Hua Yiming, Chen Ze, Cheng Lele, Ding Ning, Xie Yifei, Wu Hao, Jing Huaizhi, Xu Yu, Wu Yue, Lan Beidi
Department of Cardiovascular Medicine, The First Affiliated Hospital of Xi'an Jiaotong University, Xi'an, Shaanxi, China.
Key Laboratory of Molecular Cardiology, Key Laboratory of Environment, Genes Related to Diseases, Ministry of Education Xi'an Jiaotong University, Xi'an, Shaanxi, China.
Front Endocrinol (Lausanne). 2025 Jun 12;16:1615051. doi: 10.3389/fendo.2025.1615051. eCollection 2025.
Glycemic variability (GV) is an increasingly important predictive indicator of vascular occlusion-related complications. Studies have demonstrated that a higher GV is associated with poor outcomes in patients with cerebral infarction (CI). The prognostic utility of GV in CI patients for predicting acute kidney injury (AKI) remains inadequately characterized. This investigation systematically examines the pathophysiological relationship between acute glycemic fluctuations and AKI development in CI populations, with particular emphasis on temporal patterns of glucose dysregulation.

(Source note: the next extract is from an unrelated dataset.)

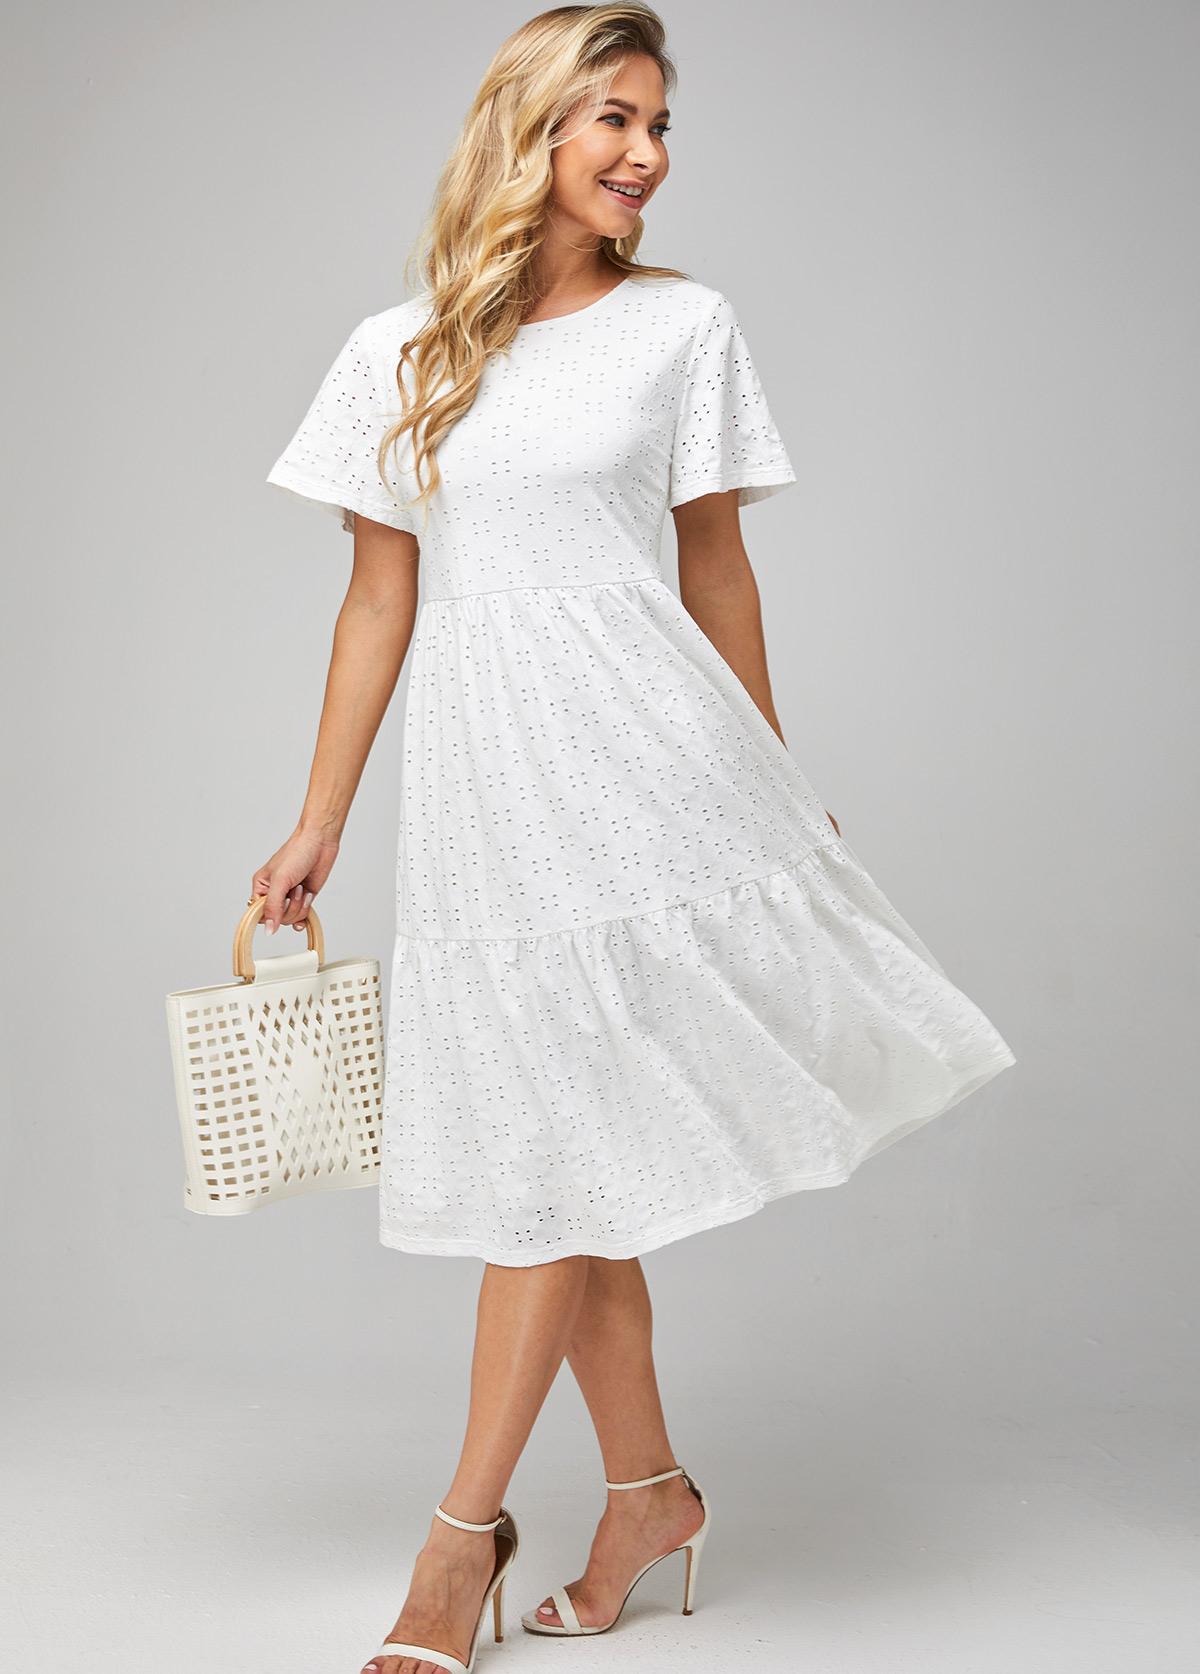 ROTITA Solid Round Neck Short Sleeve Dress
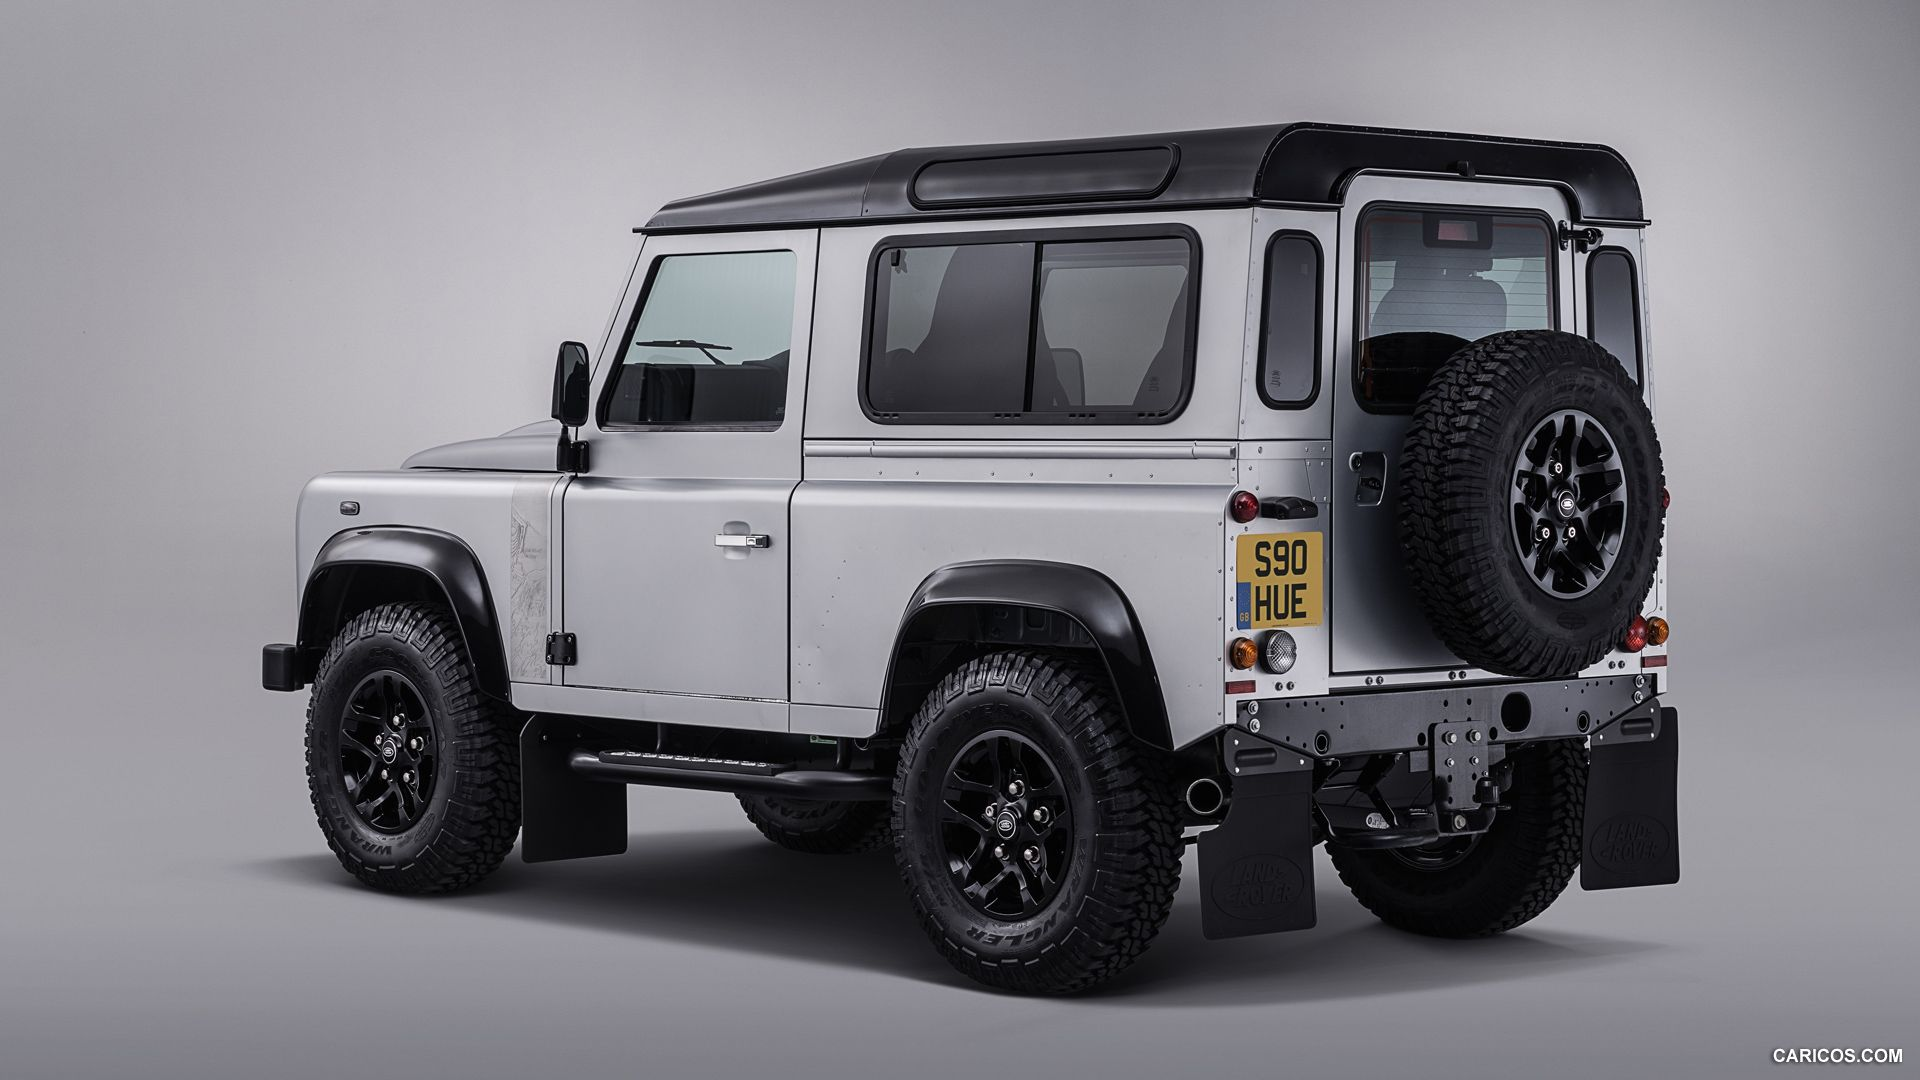 2015 Land Rover Defender No. 2,000,000 Wallpaper 랜드로버

This retrospective cohort analysis utilized data from the MIMIC-IV database, categorizing CI patients into quartiles based on GV metrics. Primary outcomes included AKI incidence and renal replacement therapy (RRT) initiation, with in-hospital mortality designated as the secondary endpoint. Analytical methodologies employed Kaplan-Meier survival curves with log-rank testing, multivariable-adjusted Cox proportional hazards regression, and logistic regression modeling to evaluate GV-AKI associations while controlling for critical confounders.
The analytical cohort comprised 3,343 critically ill individuals extracted from the MIMIC-IV database. Kaplan-Meier curve analysis demonstrated progressively elevated cumulative risks of AKI development, RRT requirement, and in-hospital mortality among individuals with heightened GV. Following multivariable adjustment, logistic regression models and Cox proportional hazards analyses confirmed GV as an independent predictor of AKI progression, RRT dependency, and mortality risk in cerebral infarction patients.
This investigation identifies GV as an independent prognostic determinant for AKI development in cerebral infarction patients. GV demonstrates clinical utility as a biomarker for stratifying AKI risk in this population.
血糖变异性(GV)是血管闭塞相关并发症日益重要的预测指标。研究表明,较高的GV与脑梗死(CI)患者的不良预后相关。GV在CI患者中预测急性肾损伤(AKI)的预后价值仍未得到充分描述。本研究系统地探讨了CI人群中急性血糖波动与AKI发生之间的病理生理关系,特别关注血糖失调的时间模式。
本回顾性队列分析利用了MIMIC-IV数据库中的数据,根据GV指标将CI患者分为四分位数。主要结局包括AKI发生率和开始肾脏替代治疗(RRT),住院死亡率作为次要终点。分析方法采用Kaplan-Meier生存曲线和对数秩检验、多变量调整的Cox比例风险回归以及逻辑回归模型,以评估GV与AKI的关联,同时控制关键混杂因素。
分析队列包括从MIMIC-IV数据库中提取的3343名危重症患者。Kaplan-Meier曲线分析表明,GV升高的个体发生AKI、需要RRT和住院死亡的累积风险逐渐升高。经过多变量调整后,逻辑回归模型和Cox比例风险分析证实,GV是脑梗死患者AKI进展、RRT依赖和死亡风险的独立预测因素。
本研究确定GV是脑梗死患者发生AKI的独立预后决定因素。GV作为该人群AKI风险分层的生物标志物具有临床应用价值。